L’hôtel Gaweye, un cas particulier
Si les hôtels tentent par tous les moyens de se relever après la dure épreuve de Covid-19, l’hôtel Gaweye du haut de ses 40 ans d’expérience, menace de mettre la clé sous le paillasson.
Depuis l’apparition de la maladie, le gouvernement a réquisitionné ce réceptif pour accueillir les personnes contacts des malades pour leur confinement de deux semaines. La réquisition a duré du 20 mars au 4 décembre 2020, soit 9 mois. Ce qui a fait que ce fleuron de l’hôtellerie nigérienne est devenu un lieu à éviter.
« L’hôtel est considéré comme la clinique des malades. Au Niger comme dans le monde entier, on sait que c’est Gaweye qui a abrité les personnes contacts, d’où la crainte de la contamination », souligne avec amertume Abdoul Salam, délégué du personnel de l’hôtel Gaweye. Ce dernier ajoute que « l’image de l’hôtel est ternie au point où nous n’arrivons même pas à avoir 10 clients alors qu’on a une capacité d’accueil de plus de 200 chambres ».
Jusqu’en 2019, avant la tenue à Niamey du Sommet de l’Union africaine (UA) qui a vu la construction de plusieurs hôtels de haut standing, Gaweye était le plus grand établissement hôtelier du pays.
Selon des informations recueillies par Ouestaf News auprès du Comité de gestion du fonds Covid-19, le dernier point de la situation fait état d’environ 9 milliards de FCFA d’impayés.

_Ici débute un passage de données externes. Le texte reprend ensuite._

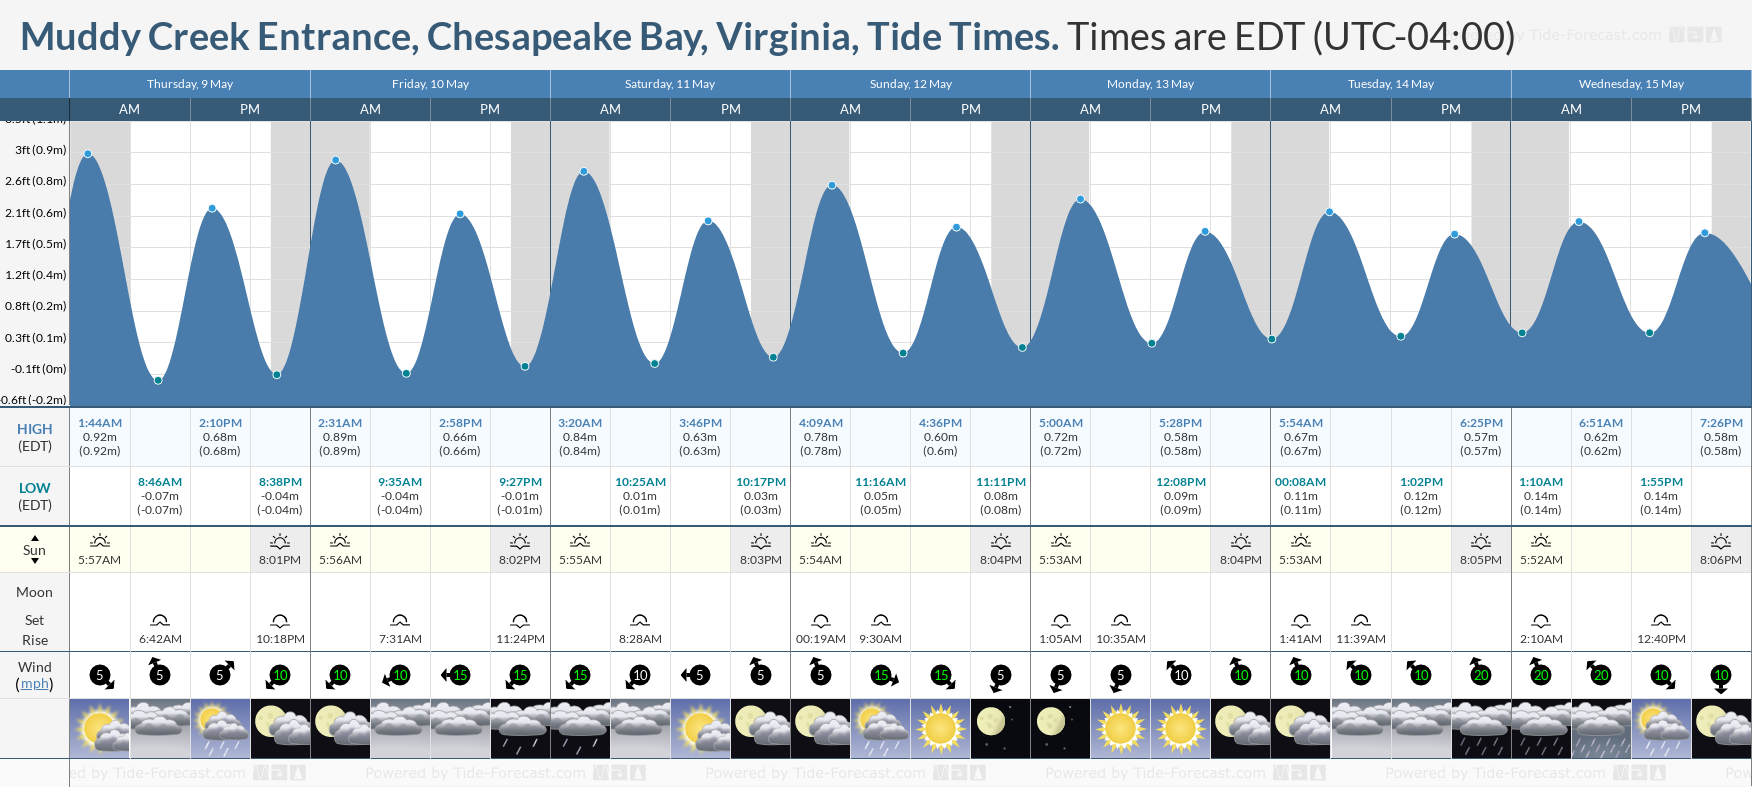 Muddy Creek Entrance, Chesapeake Bay, Virginia Tide Chart including high and low tide times for the next 7 days

La plupart des fournisseurs ont rompu leur contrat, selon Sanaby Baba Ahmed, directeur général de l’hôtel Gaweye, qui dit avoir lui-même fini par présenter sa démission et les autorités ont déjà accédé à sa demande.
Les quelques 160 agents qui y travaillent risquent de se retrouver au chômage, selon le délégué du personnel, Abdou Salam.
Selon le délégué du personnel, seul l’État peut sauver Gaweye, puisque l’établissement lui appartient. Un sauvetage attendu de la part de la société indienne Bravia. Le Gouvernement nigérien et cette société ont signé un contrat de rénovation.
En attendant une reprise effective des activités touristiques au Niger, touchées aussi par le terrorisme, agents et responsables des hôtels tentent d’abriter les activités locales des organismes nationaux et internationaux pour réduire les charges de fonctionnement.
Au niveau de leur ministère de tutelle, on se dit prêt à mettre les moyens pour éviter que ces établissements ne mettent la clé sous le paillasson. Promesse du tout nouveau ministre du Tourisme, Mohamed Hamid, lors de sa visite de prise de contact aux réceptifs hôteliers.